Required action >>
Output the data below only from the line containing "vinci-construction-logo.jpg" up to and including the line containing "Best 25+ Fender", exact and with the pictures left out.

The data >>
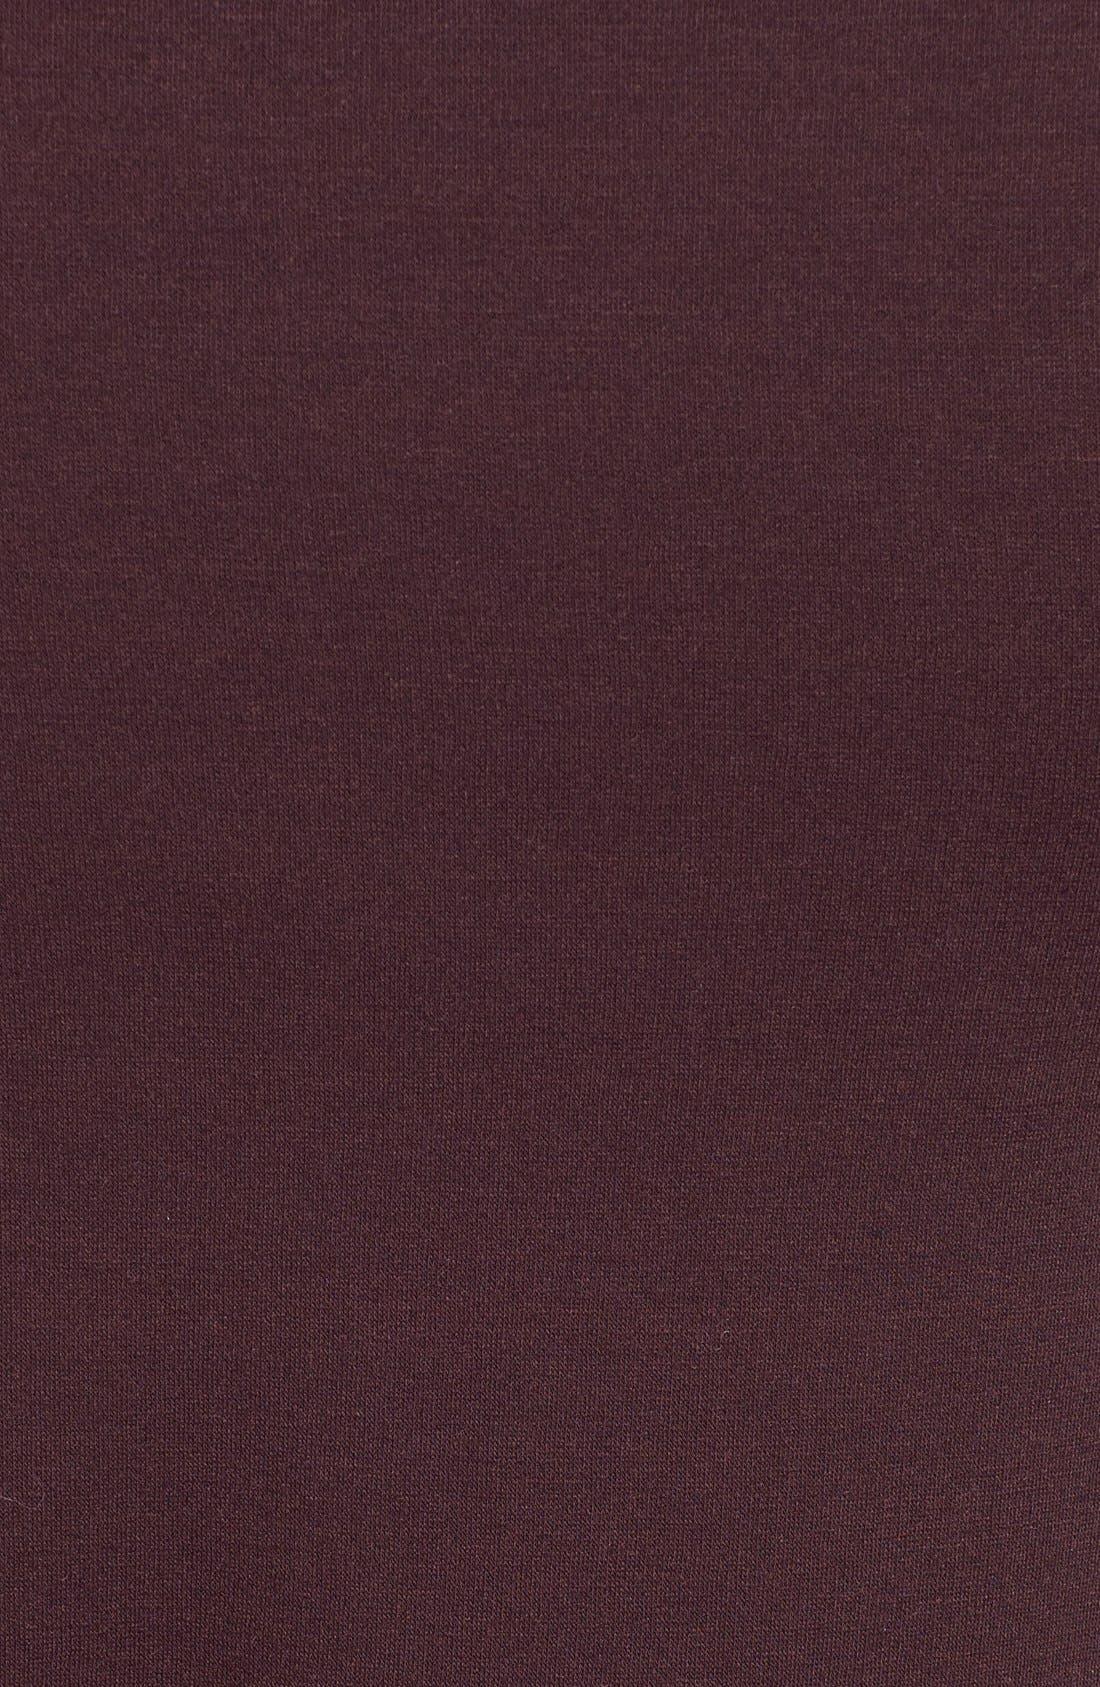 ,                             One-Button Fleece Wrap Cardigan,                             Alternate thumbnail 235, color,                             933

==

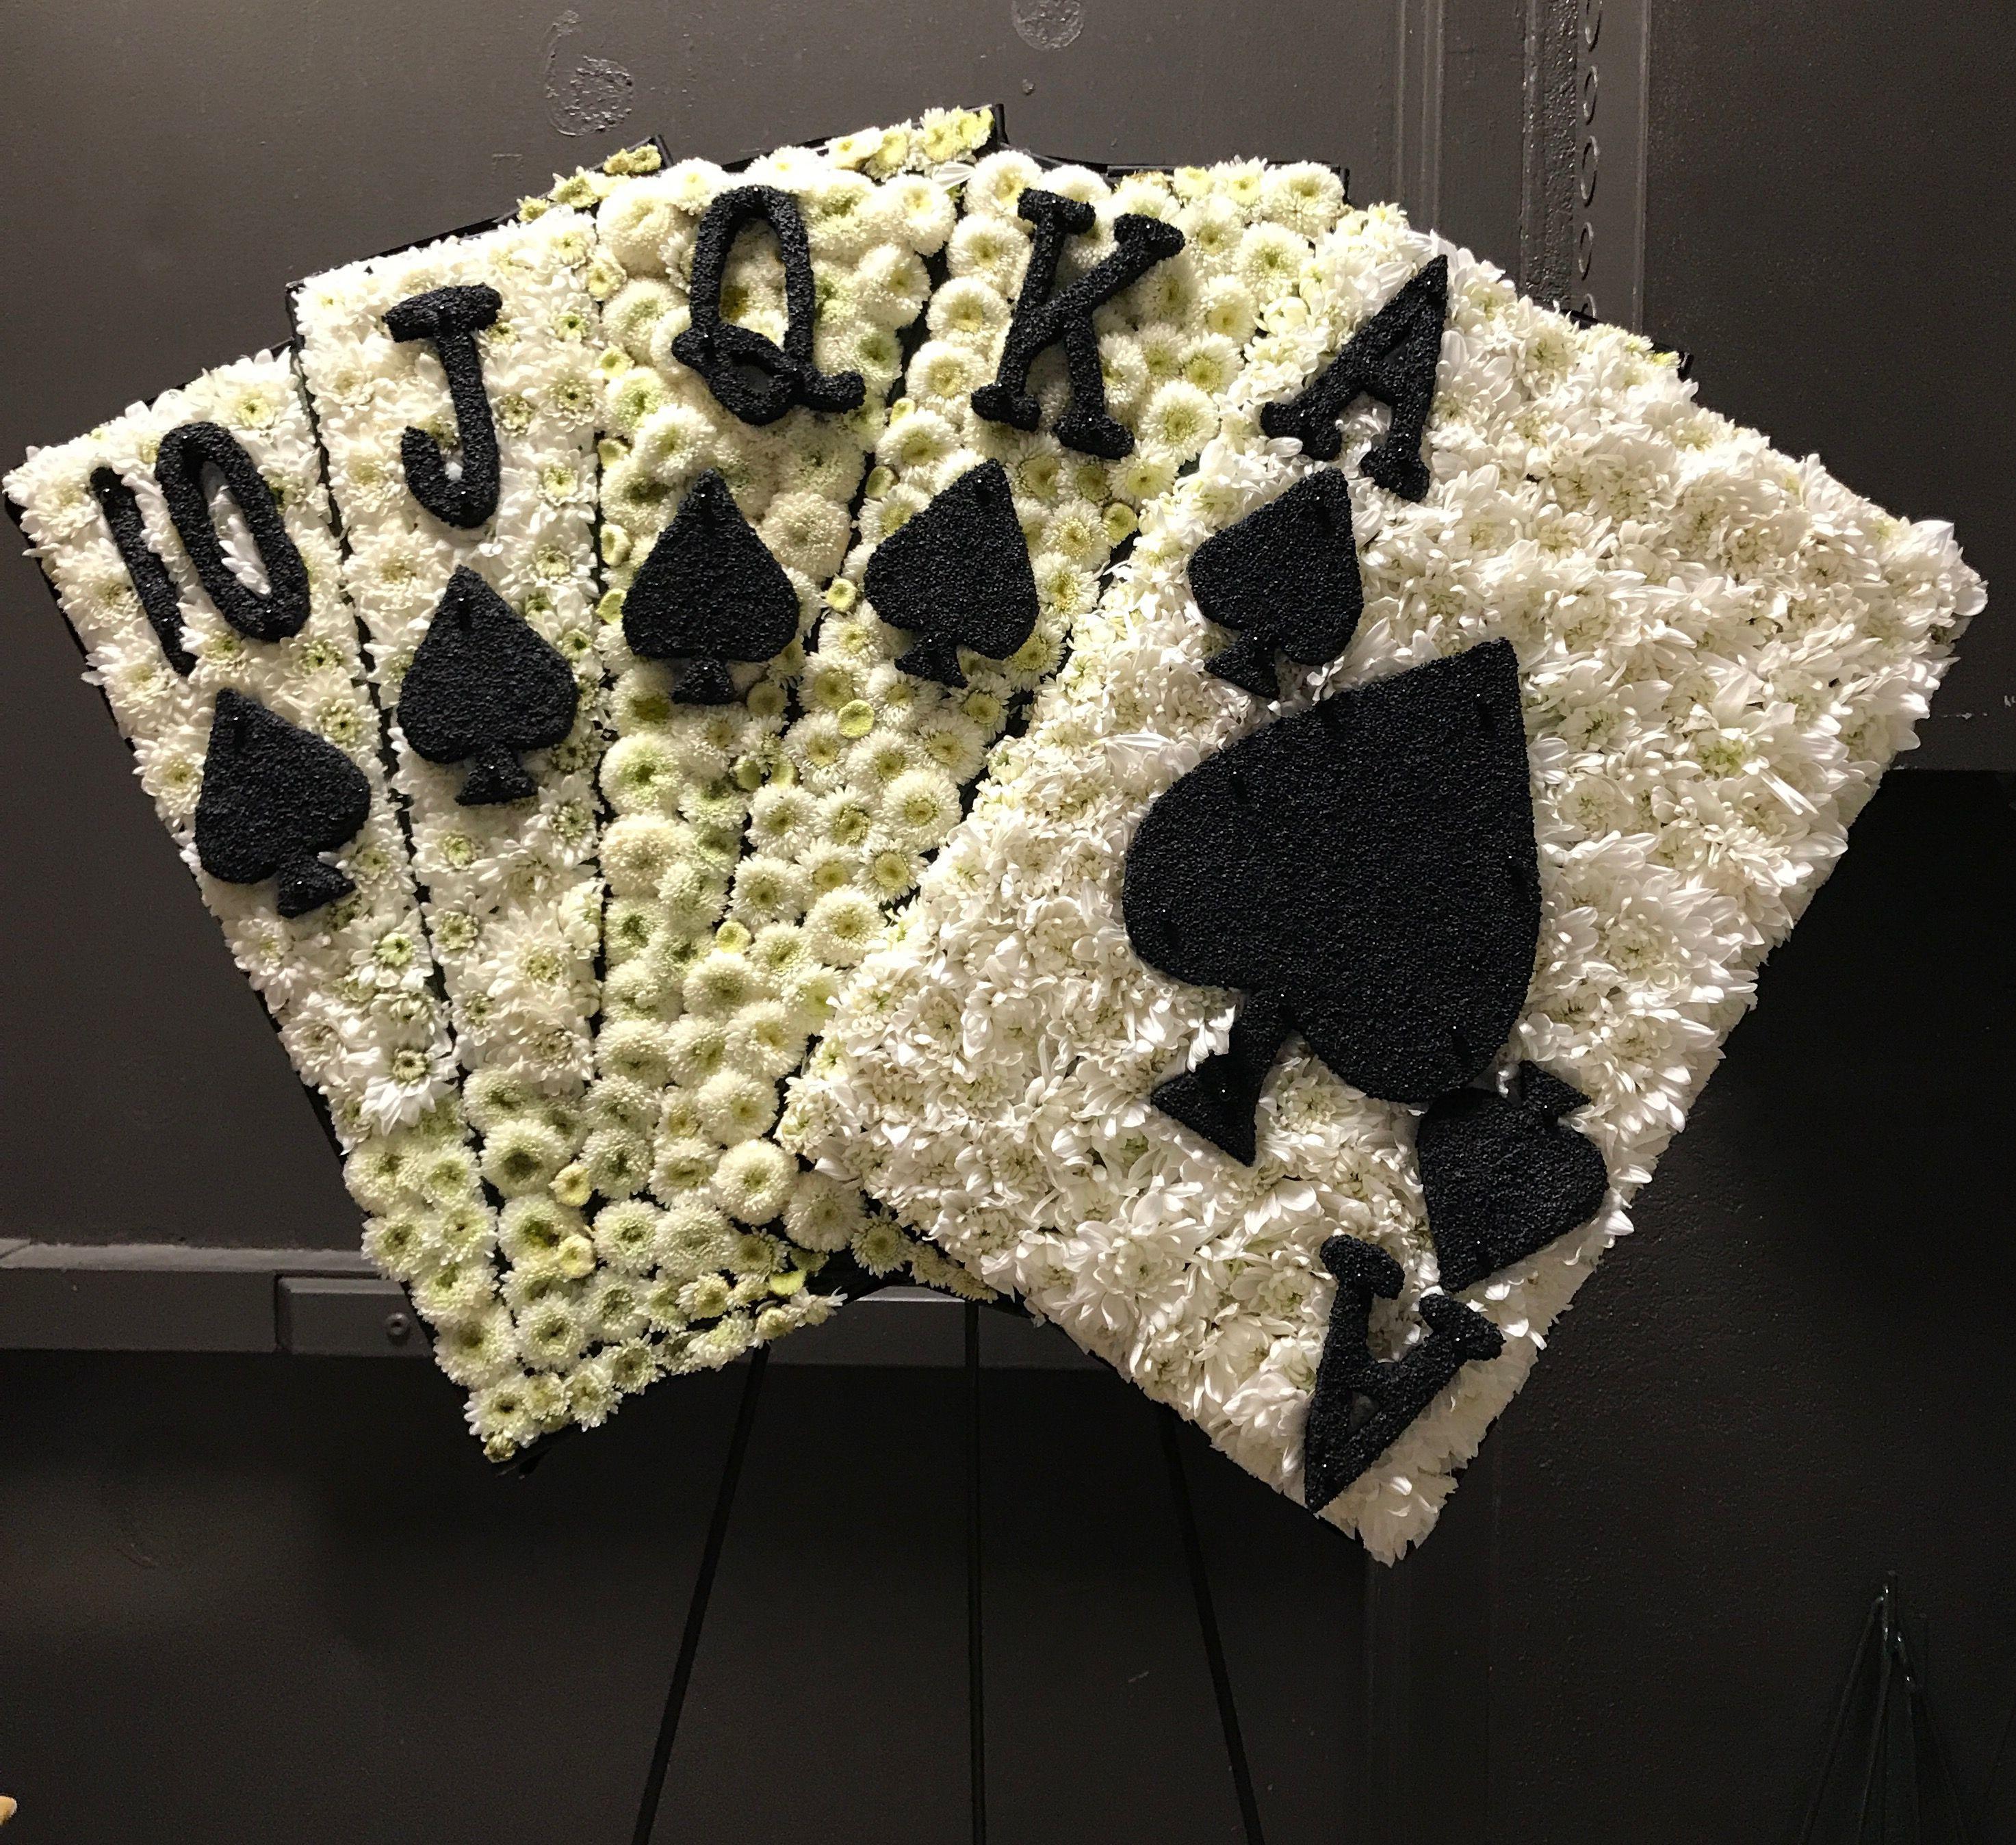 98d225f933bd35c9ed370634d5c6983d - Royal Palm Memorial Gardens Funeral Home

* * *

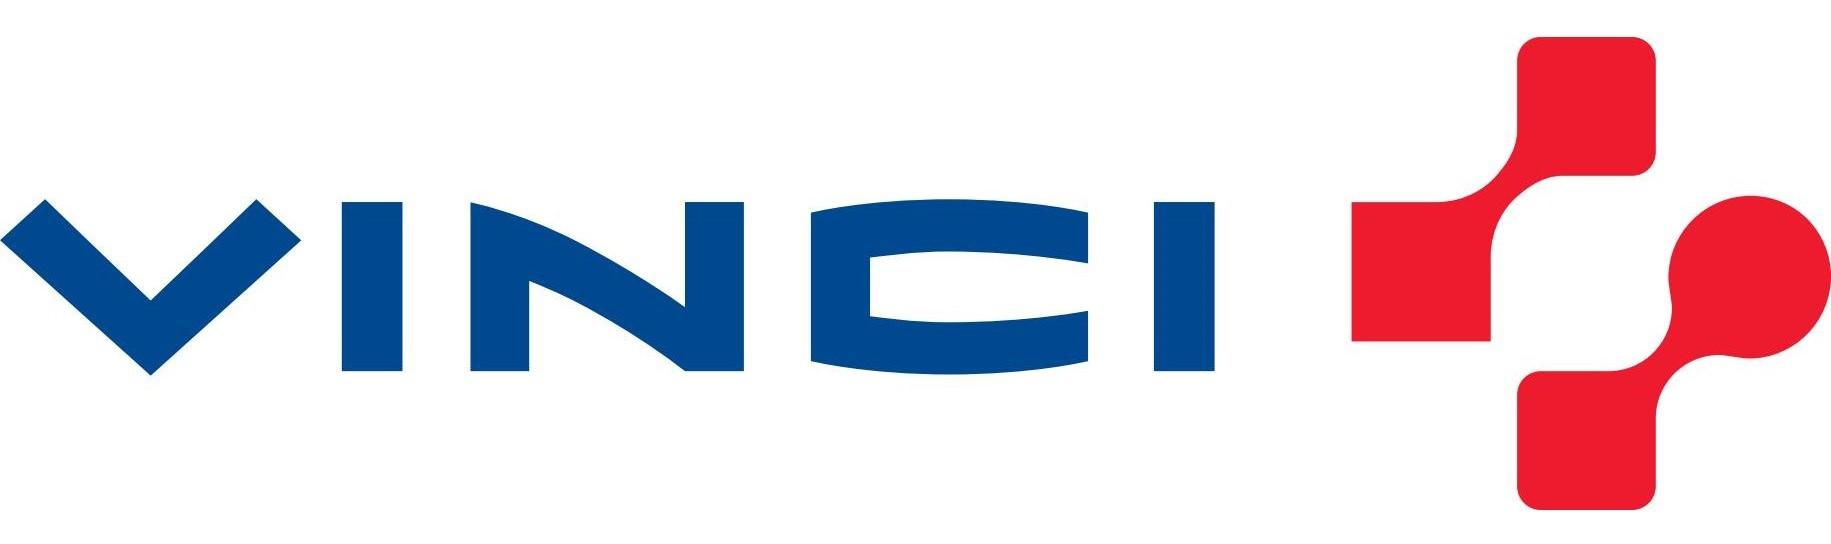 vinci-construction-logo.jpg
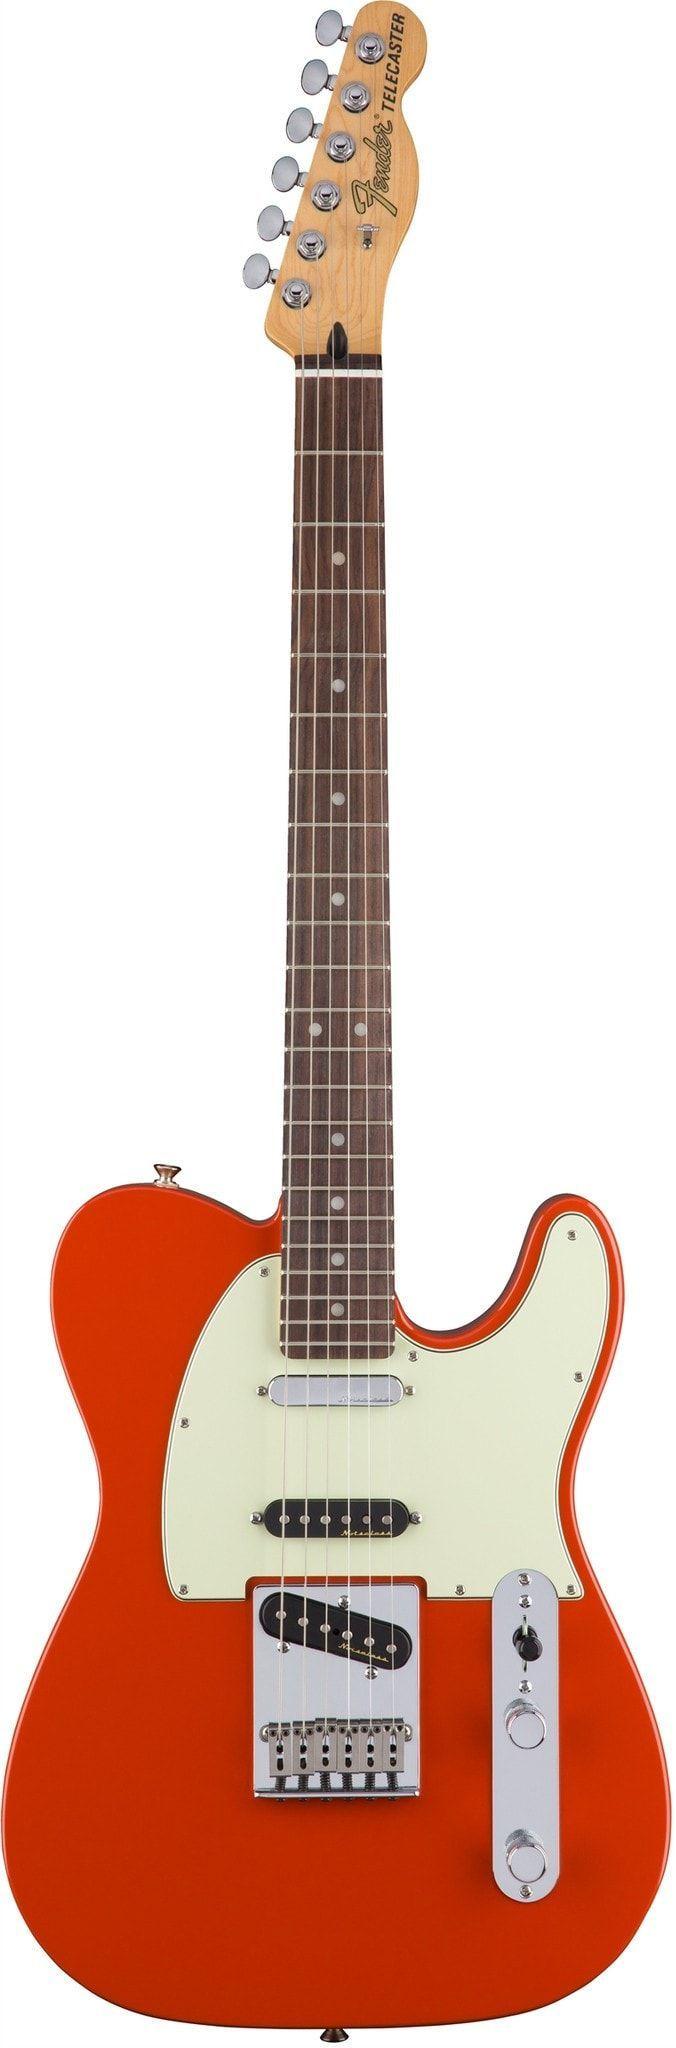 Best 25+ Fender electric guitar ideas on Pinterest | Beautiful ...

Response to this exercise >>
 vinci-construction-logo.jpg
 Best 25+ Fender electric guitar ideas on Pinterest | Beautiful ...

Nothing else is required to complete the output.